Rugby Australia chief Raelene Castle set out the organisation's stance in an email to the rugby community, saying it had "acted with complete professionalism and integrity at all times".

"This is an employment matter and does not concern his religious beliefs or his ability to express them freely," she said.

The dispute has proved divisive, with many outraged over Folau's comments but others, including the Christian lobby, defending his right to free speech with calls for better guidelines on religious expression.

Prime Minister Scott Morrison, himself an evangelical Christian, said such disputes showed the need for legislation protecting people against discrimination based on their faith.

"Religious freedom is one of the cornerstones of what we are as a country, and it's important our laws reflect that," he said in a televised interview Friday from Japan, where he is attending the G20 summit.

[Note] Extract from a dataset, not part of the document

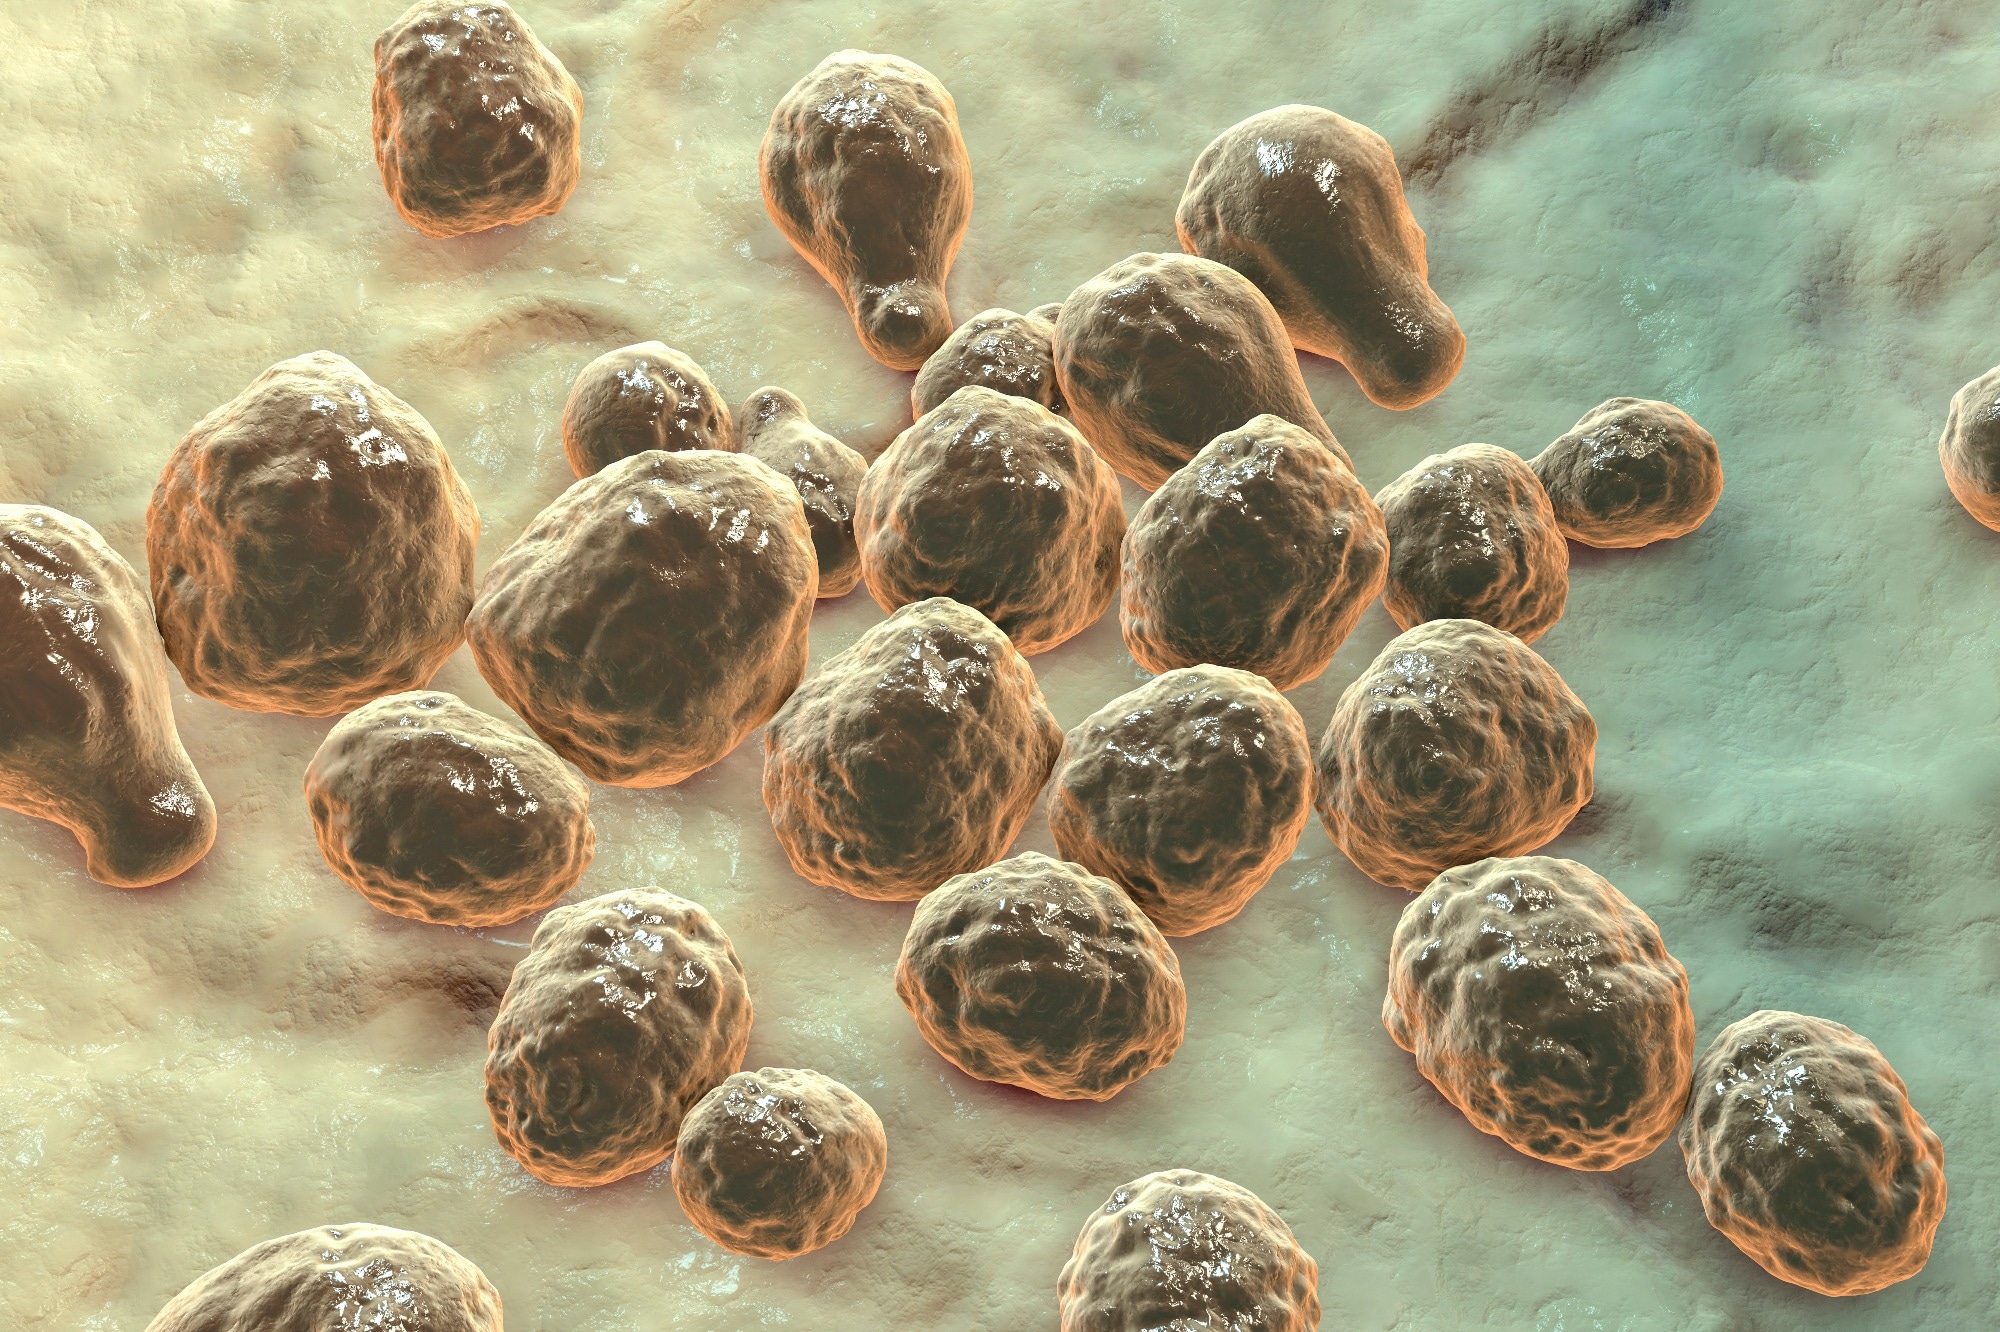 Study: Brain glucose induces tolerance of Cryptococcus neoformans to amphotericin B during meningitis. Image Credit: Kateryna Kon/Shutterstock.com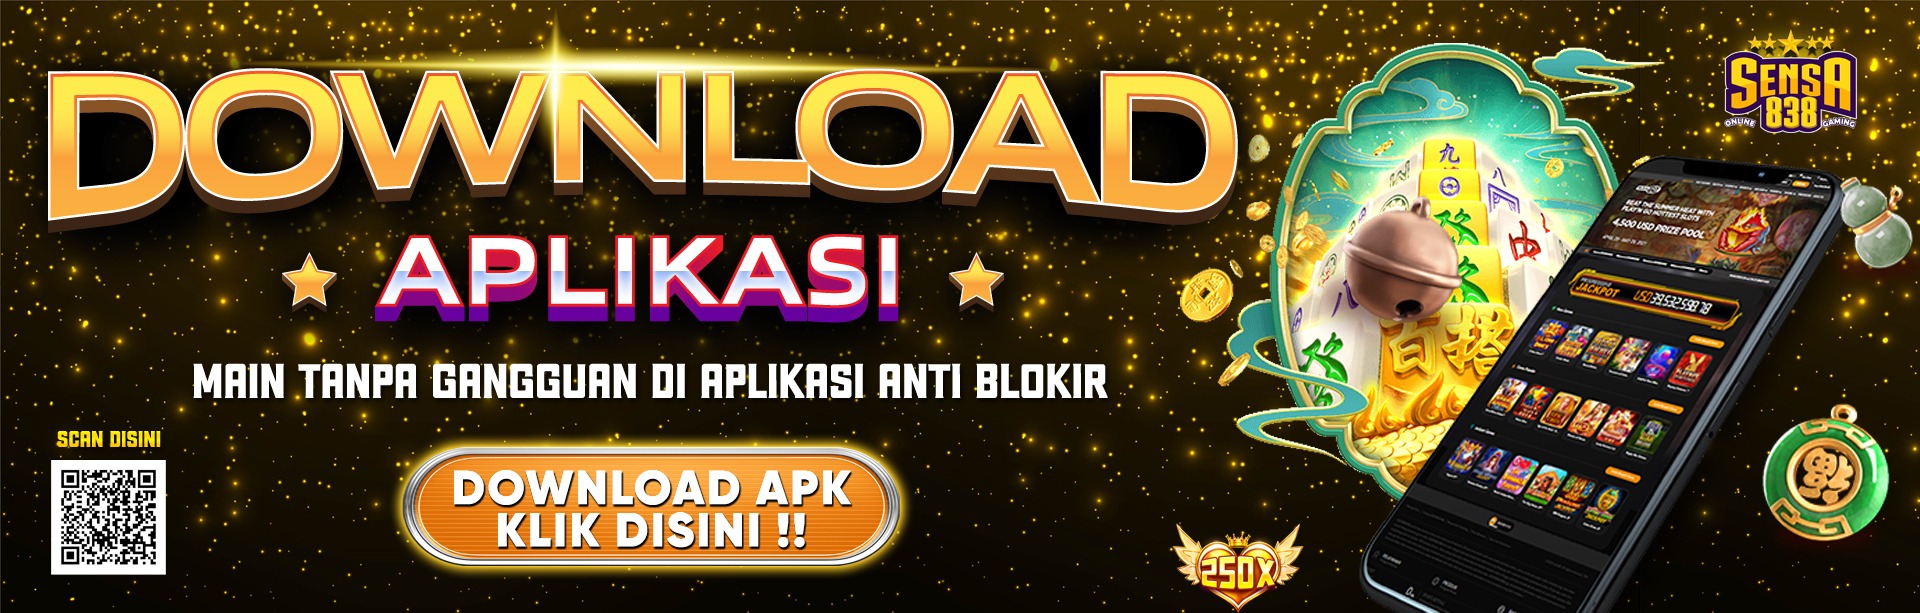 Download Aplikasi SENSA838

"Now we committed to put in place a Religious Discrimination Act. We're going to do that. We're working very hard on that right now," he said.

Folau launched a crowdfunding campaign to pay his legal fees, but it was shut down after raising more than Aus$700,000, with the GoFundMe platform saying it would not "tolerate the promotion of discrimination or exclusion" and that the donations would be refunded.

In response, the Australian Christian Lobby launched a new fund and raised more than Aus$2 million in two days before pausing the appeal Thursday, saying it had enough money "for now".